In late September, Shayakhmedov was charged with Gnedova's murder. Only a few days later, he unexpectedly confessed to three more murders for which he had never been considered a suspect, as well as the rapes of three underage girls committed between 2005 and 2018. His confessions proved to consist of knowledge only the perpetrator could have, and in November, all the subsequent criminal cases were merged into one big trial. Per the indictment, Shayakhmedov faced multiple charges of murder, rape, child sexual abuse, and a myriad of related charges.

The trial officially began on 25 October 2022, and was held behind closed doors. In it, Shayakhmedov's lawyer, Yulia Olenicheva, insisted on his innocence, claiming that her client had been beaten up by investigators and pressured into confessing. To back up her claims, she presented photographs and medical reports, which showed that Shayakhmedov suffered numerous bruises and hematomas inflicted by blunt objects during his stay in the detention centre. No explanation was given about the origin of the bruises.

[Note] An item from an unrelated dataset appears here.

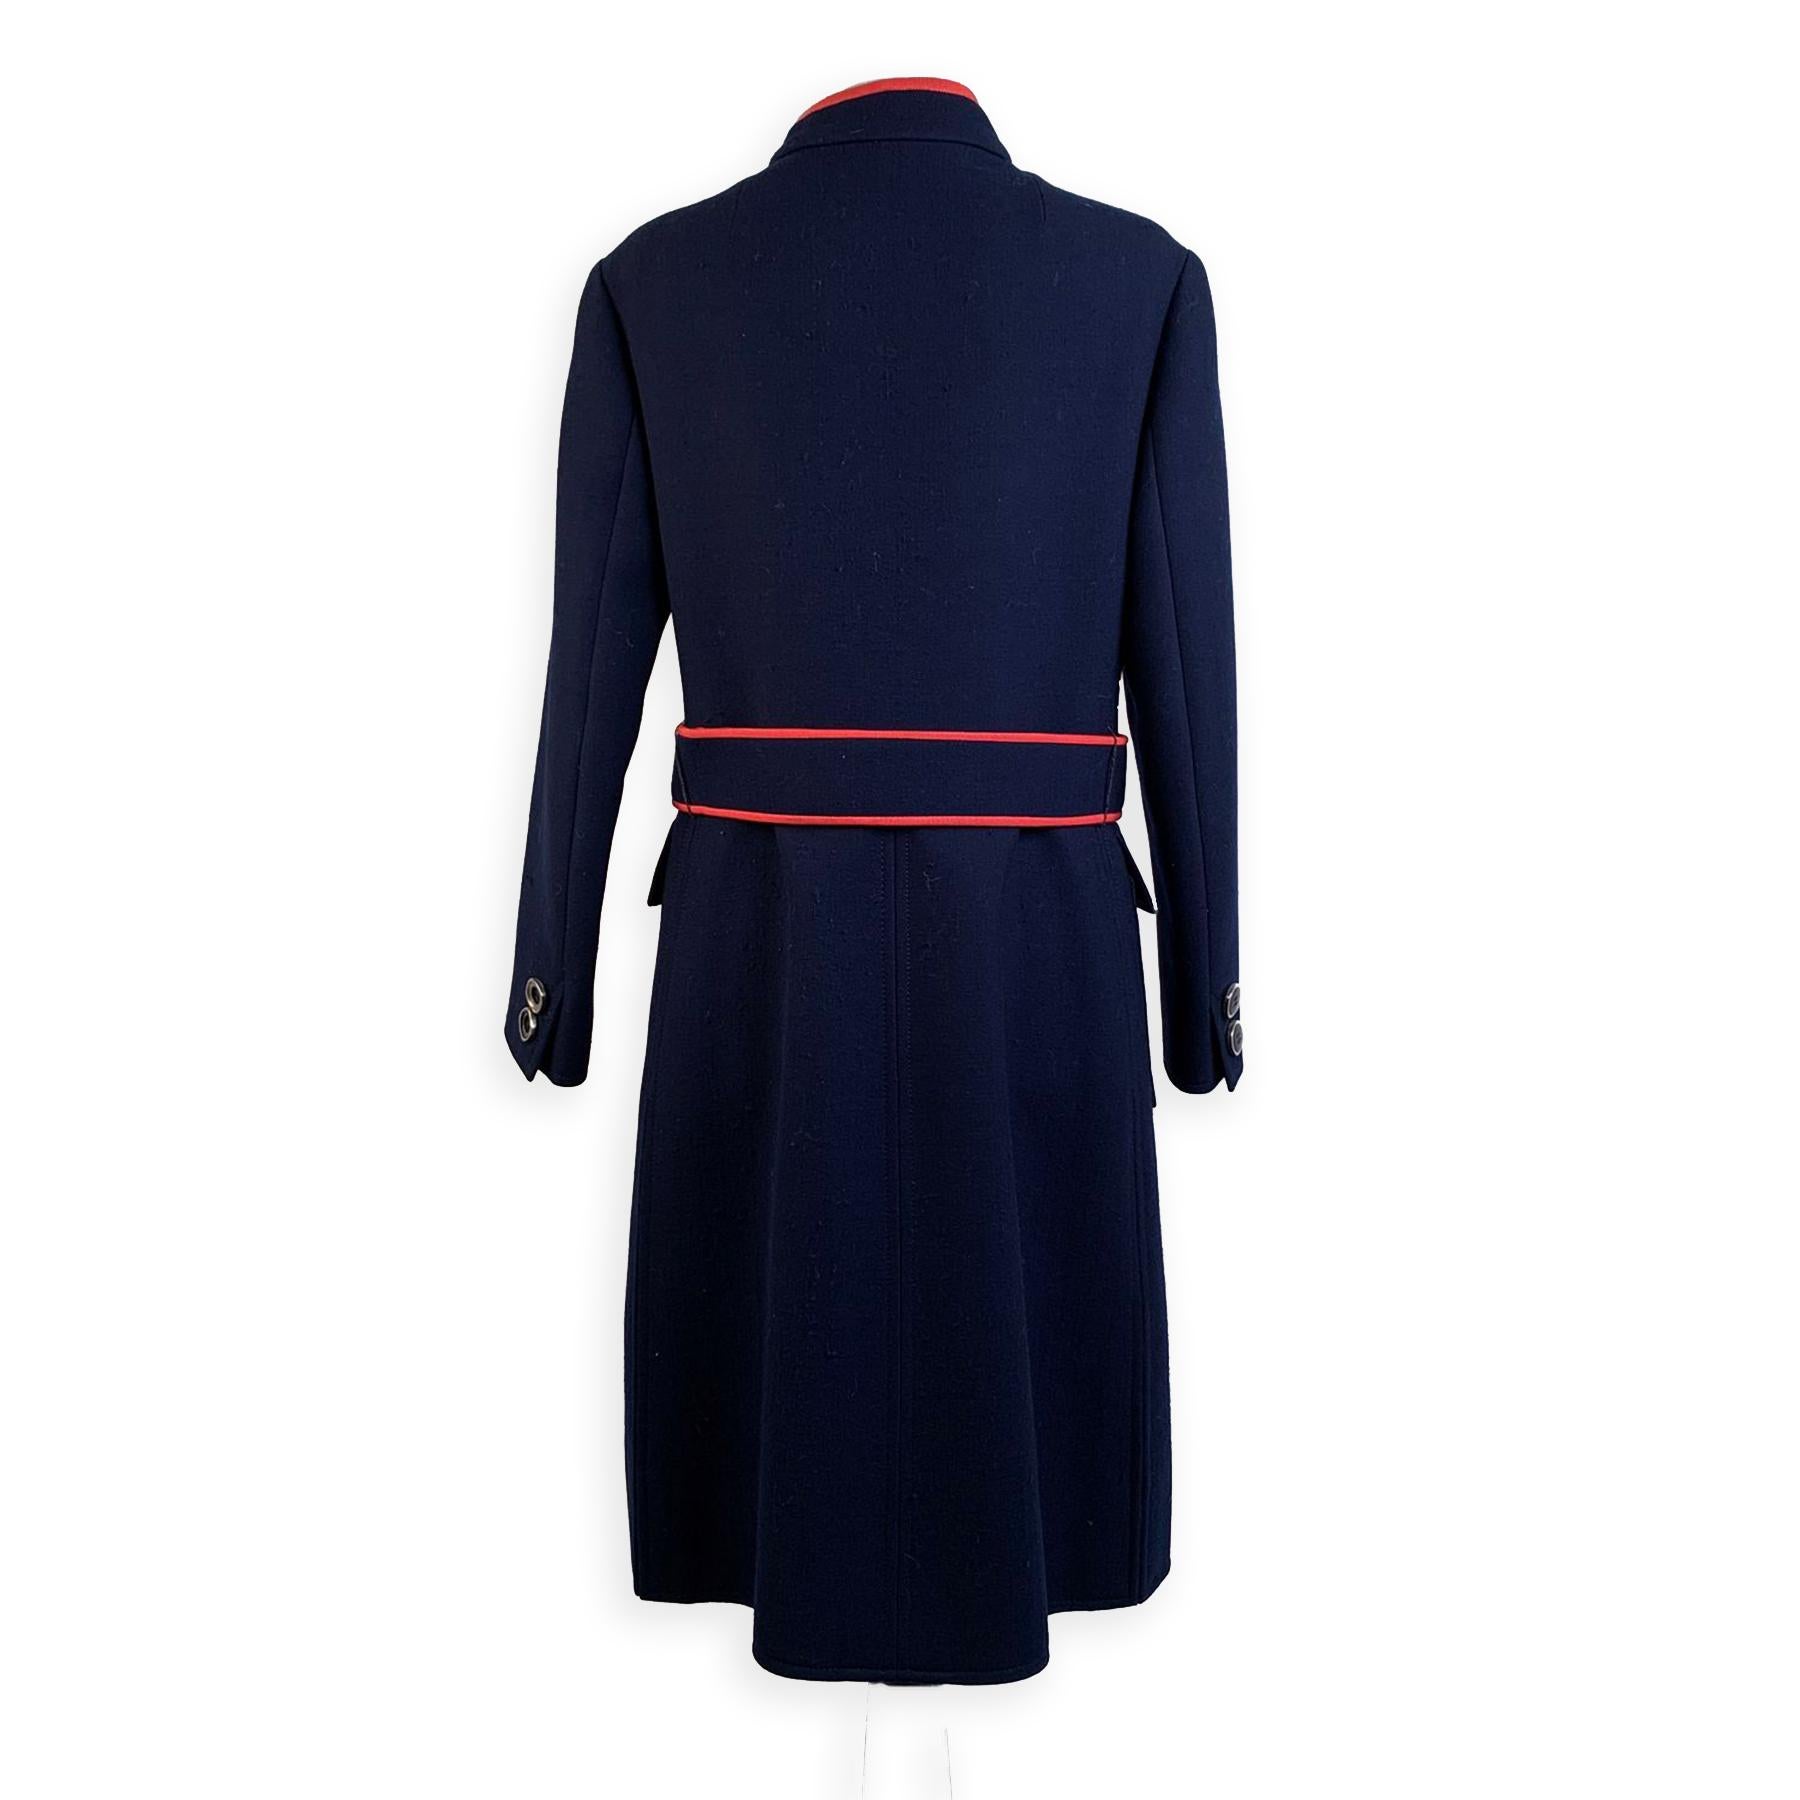 Black Vintage Navy Blue Wool Belted Coat with Contrast Trim

Despite this, on 22 December, Shayakhmedov was convicted on the four murder and rape charges, fully admitting his guilt in spite of his lawyer's protests. As he suffered a stroke during the investigation and was partially paralyzed, he appeared at court hearings in a wheelchair. A week after his conviction, Shayakhmedov was sentenced to life imprisonment.

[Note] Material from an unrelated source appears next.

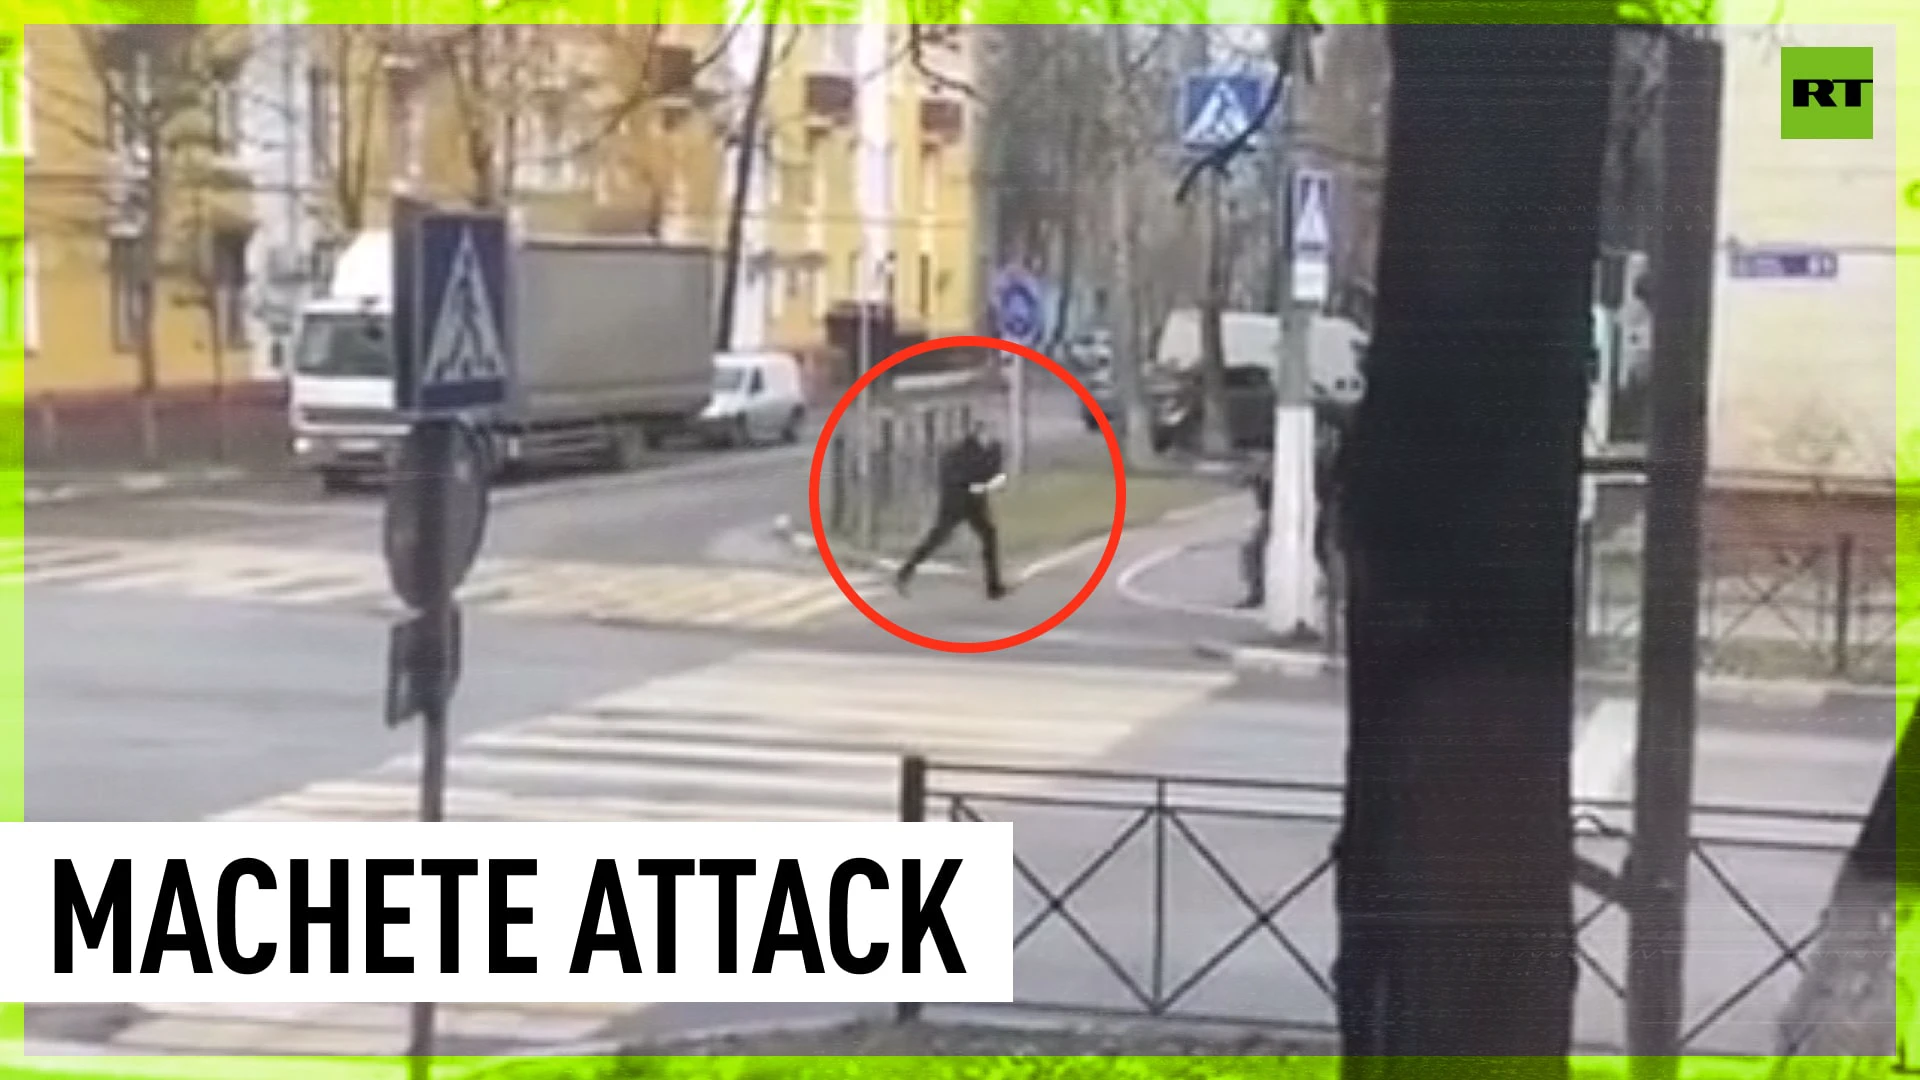 Machete-wielding man attacks police officers in Moscow Region

Following the conclusion of the trial, the victims' relatives attempted to have Shayakhmedov's wife prosecuted as well, as they believed that she was aware of her husband's crimes and never reported him to the police. Martynova claimed that sometime after her daughter went missing, she overheard an argument between the Shayakhmedovs in which the wife supposedly said that she had helped him avoid arrest even before they moved to Russia, implying that he had committed other crimes.

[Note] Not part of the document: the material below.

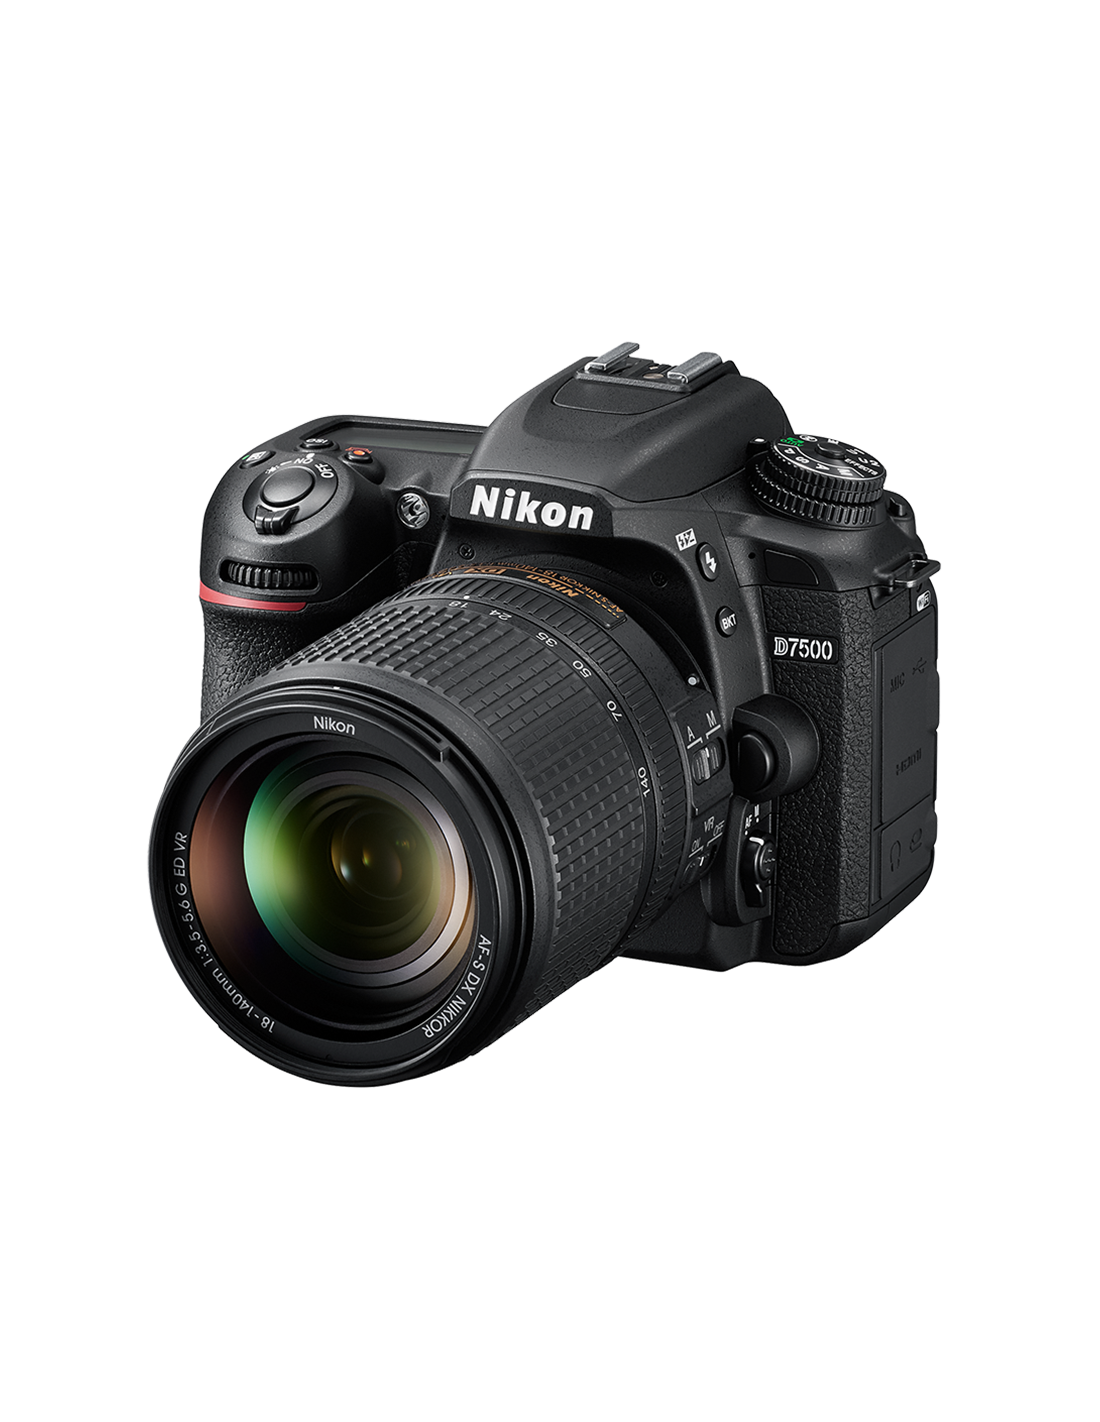  Nikon, D7500 DX-Format Digital SLR, carcasa : Electrónica

== New confessions and death ==
In early 2023, Shayakhmedov was transported to the Mordovian Zone to serve out his sentence, but shortly after his arrival, he unexpectedly confessed to a fifth murder, which he claimed took place in Tajikistan in 1994. According to him, on 21 May 1994, he killed 8-year-old Katya Dmitrieva in Istiqlol, where he lived with his family at the time. The girl was last seen alive in the afternoon in her family's yard on Stroiteley Street, and upon realizing she was gone, her parents organized a large-scale search with the help of volunteers but were unable to find the girl. Shayakhmedov stated that he lured Dmitrieva to his garage, where he raped and strangled her. He then transported the body via motorcycle to his mother-in-law's house on 19 Kamoli Khujandi Street, where he buried her under the house's foundation in a similar manner to the later murder of Gnedova.

On 23 May 2023, Shayakhmedov died from health complications brought on by his stroke. His family and relatives refused to claim his body, and he was thus buried in a grave next to the Mordovian Zone.

=== Search and potential further victims ===
Following Shayakhmedov's death, representatives of Russia's Ministry of Internal Affairs and the General Prosecutor's Office in Tajikistan travelled to Istiqlol in the summer of 2023, where they unearthed skeletal remains at the indicated place. The entire process was recorded by Tajikistani security services, and subsequent DNA examinations confirmed that the skeletal remains belonged to Dmitrieva. With his guilt conclusively proven in this crime, rumours began to spread that Shayakhmedov possibly might have killed other victims during the Soviet years, while he lived in Uzbekistan and Tajikistan. It was also speculated that he frequently moved to avoid arrest if crimes were linked back to him.

Aside from this, Shayakhmedov confessed to a fifth murder that took place in Russia shortly before his death, with the victim being a child who was killed somewhere within the city of Oryol. As of October 2023, the investigation into this supposed victim is still ongoing.

== In media and culture ==
In May 2023, the Russia-24 channel aired a programme titled "On the Trail of the Beast" (Russian: По следу зверя), which covered the Shayakhmedov case and even featured an interview he gave to reporters detailing his life and the circumstances of his crimes. At the end of the interview, Shayakhmedov stated that what he had done was unforgivable and that he fully agreed with the sentence handed down to him.